Уровень владения инструментом у Петра был таков, что при переходе из музыкальных классов РМО в консерваторию ему должны были зачесть фортепиано, освободив от дальнейших обязательных занятий. Но этого не случилось, и Чайковский должен был два раза в неделю в восемь утра по понедельникам и четвергам посещать класс фортепиано «вместе с тремя другими учениками, из которых двое играли гораздо хуже его, третий же, помнится, был почти начинающий»[146]. Его педагогом стал Антон Августович Герке – замечательный пианист, который обучался сам у таких мастеров, как Джон Филд, Фридрих Калькбреннер, Игнац Мошелес. Чайковский прозанимался в классе Герке всего четыре месяца – с сентября 1862-го до начала 1863 года.

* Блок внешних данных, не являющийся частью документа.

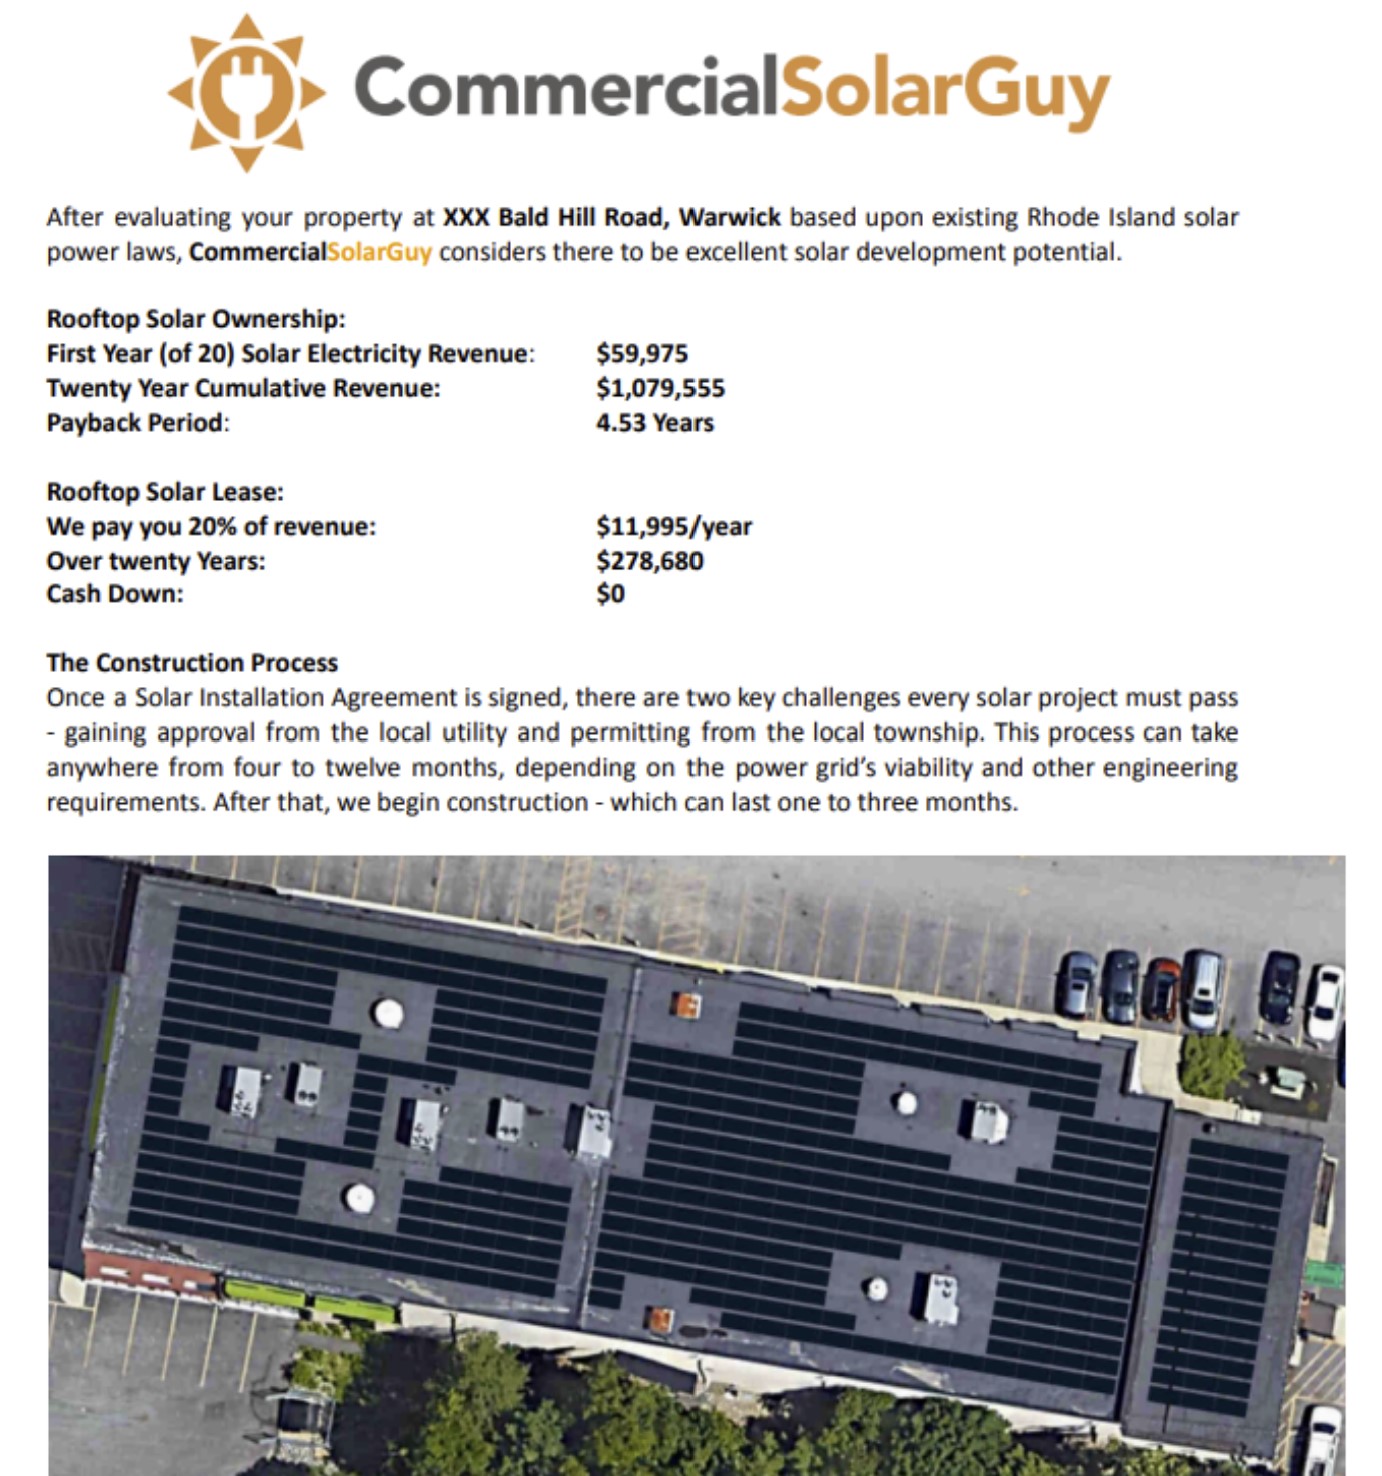 Solar Lease Proposal in Rhode Island from Commercial Solar Guy
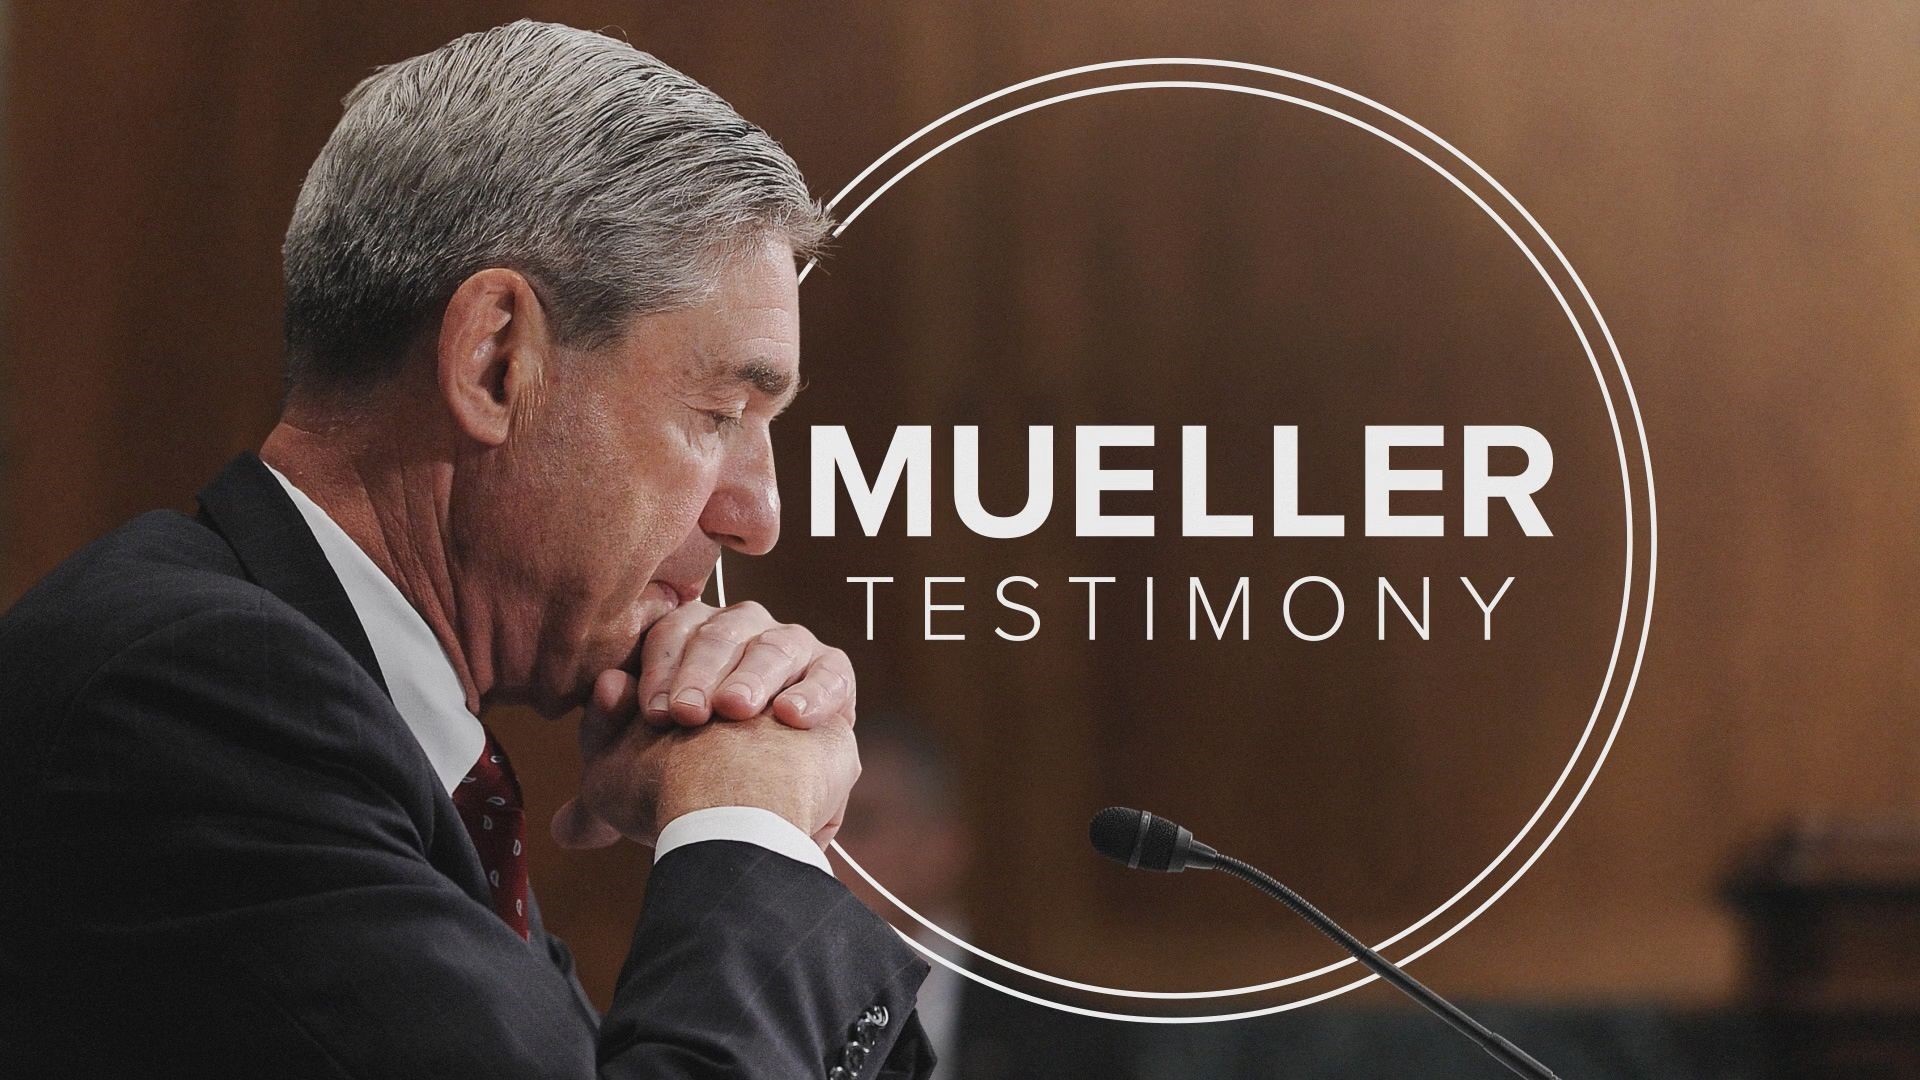 I was asked to watch the Robert Mueller hearing by my bosses, so i did. It went pretty much as I expected, although Mueller did elaborate more on some questions instead of giving the expected yes and nos.

Судя по воспоминаниям Лароша, сам Герке и его уроки запомнились и Петру, и его однокашникам: «Антон [Августович] Герке носил рыжий парик и на нас, мальчишек, производил впечатление старика, но бодрость, деятельность и энергия его были чрезвычайны. <…> Направление его было слегка сентиментальное: сообщая нам разные оттенки и тонкости фразировки, до которых он был большой охотник, он не прочь был поучить нас кстати и некстати играть tempo rubato (буквально – похищенное время (итал.), обозначает право более свободного в отношении темпа исполнения), что очень не нравилось Петру Ильичу. Около этого времени мы, в одном из концертов Музыкального общества, познакомились с хоровою фантазией Константина Лядова на тему “Возле речки, возле моста”. Петр Ильич под впечатлением ее написал и посвятил мне шуточную фортепианную пьеску на ту же тему, размером в одну страничку. В виде демонстрации над пьеской вместо обозначения tempo было написано: “Maestoso, misterioso е senza gherkando” (Торжественно, таинственно и без “геркандо” – итал.). Не существующее на итальянском языке слово gherkando должно было обозначать слащавую манеру Герке делать не вовремя ritardando и accelerando (задержания (замедления) и ускорения – итал.). Не симпатичный нам по направлению, Герке, тем не менее, импонировал нам своим обширным знакомством с фортепианным репертуаром, а главное – исполинским трудолюбием и железной энергией»[147].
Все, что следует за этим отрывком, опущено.